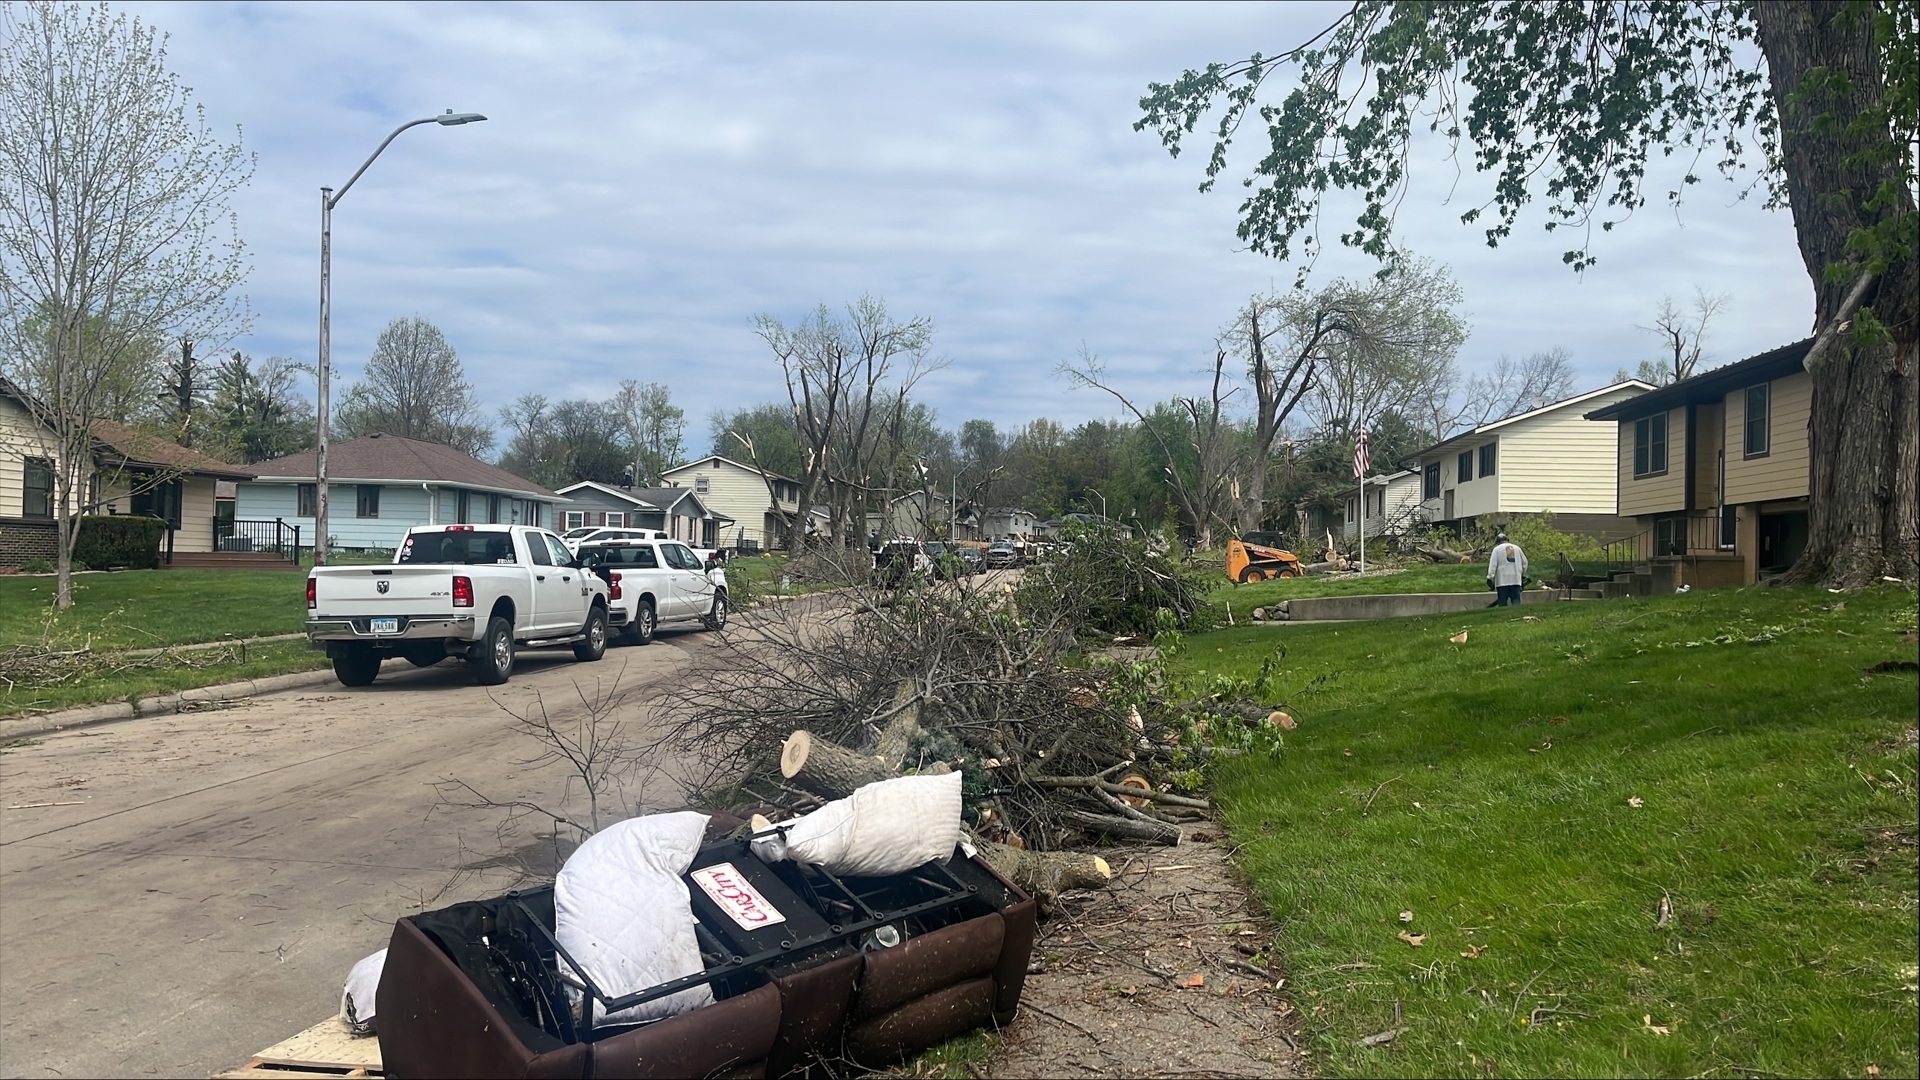 One person was hospitalized with nonlife-threatening injuries after a tornado came through Pleasant Hill, Iowa on Friday night.
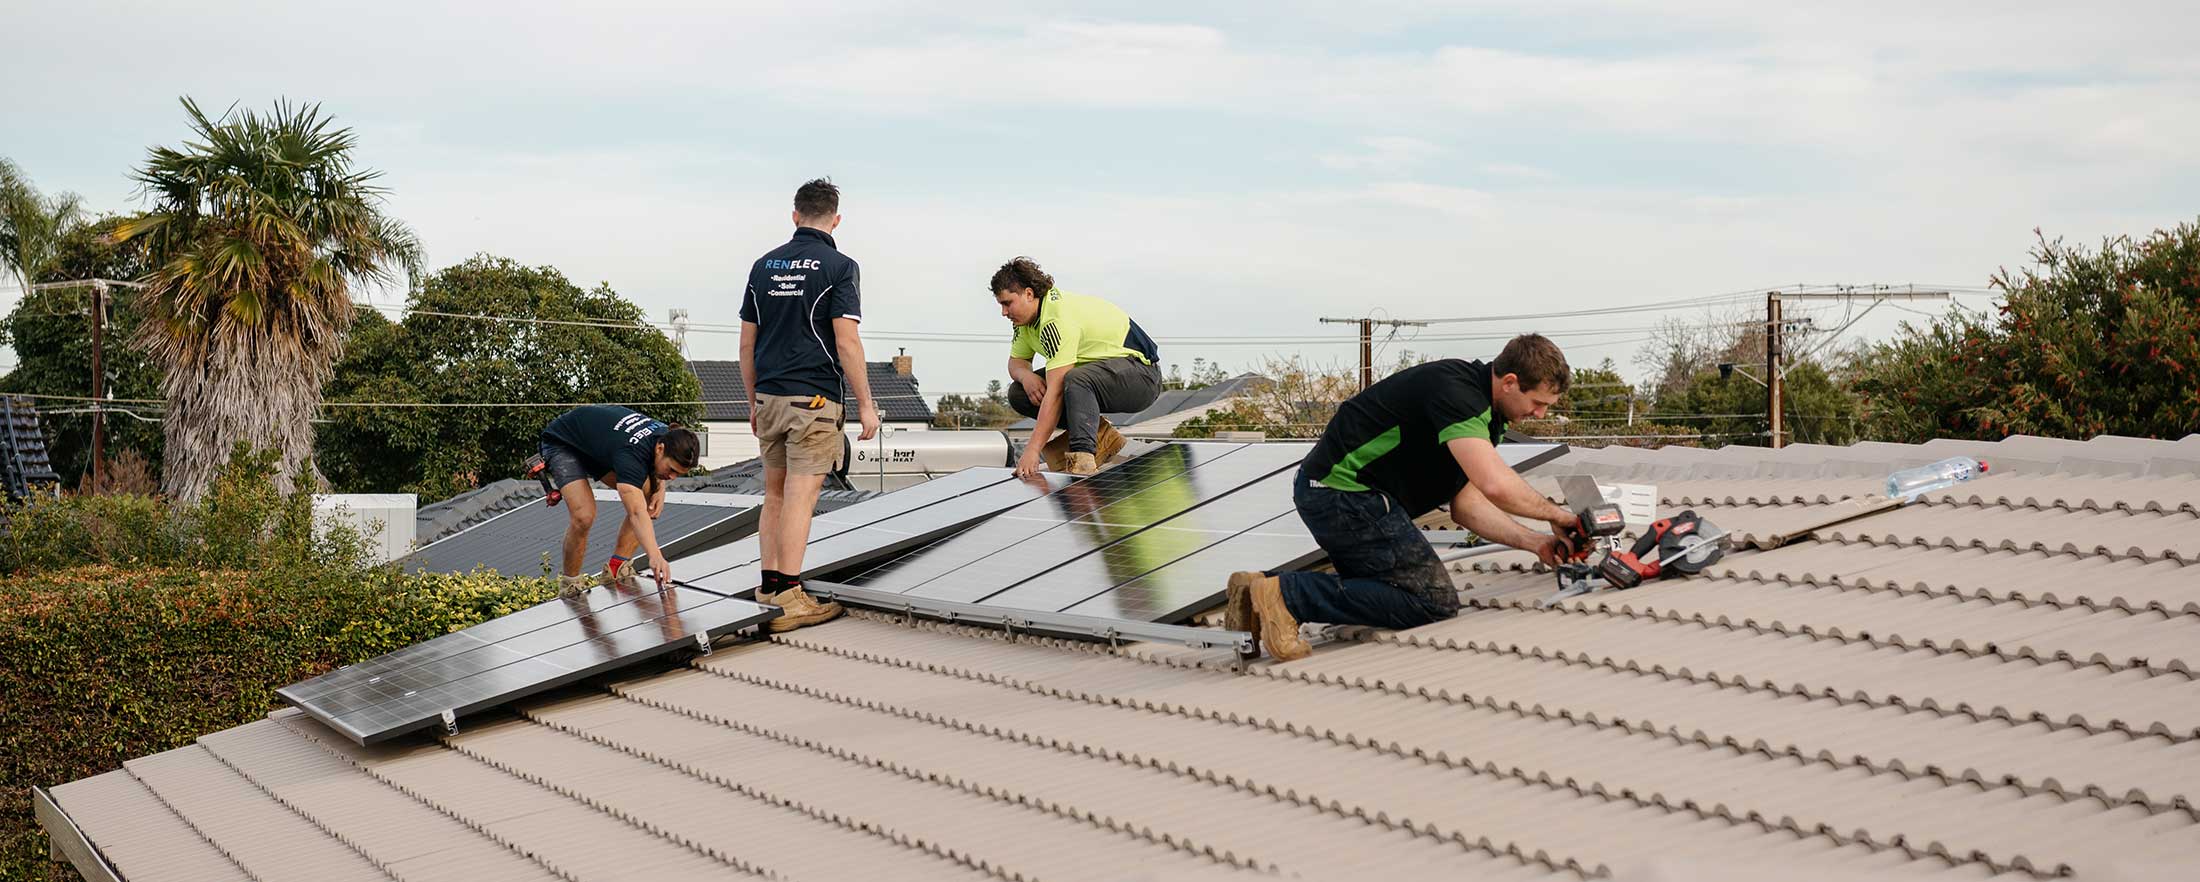 Solar Panel Installation, repair & removal in Adelaide
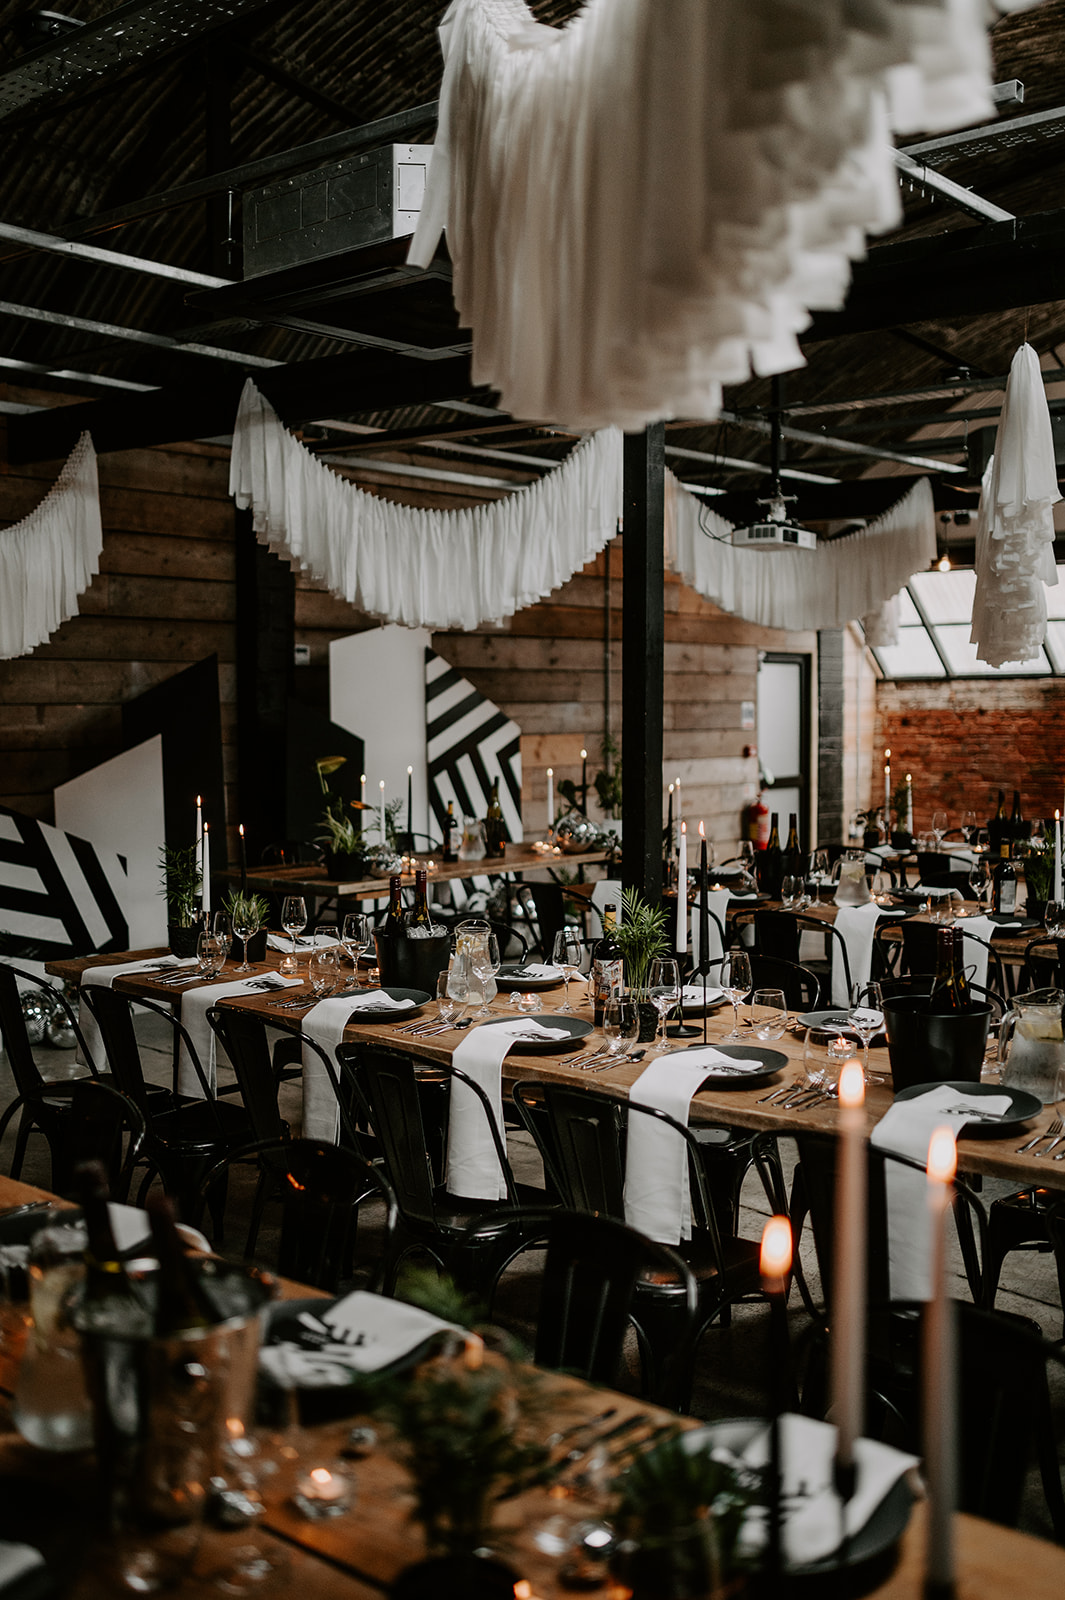 A industrial wedding venue filled with white streamers and black and white decor

§ **Work required**
Please keep every line of the data the same when you reproduce it, and keep every picture out.

§ **Written reply**
 One person was hospitalized with nonlife-threatening injuries after a tornado came through Pleasant Hill, Iowa on Friday night.
 Solar Panel Installation, repair & removal in Adelaide
 A industrial wedding venue filled with white streamers and black and white decor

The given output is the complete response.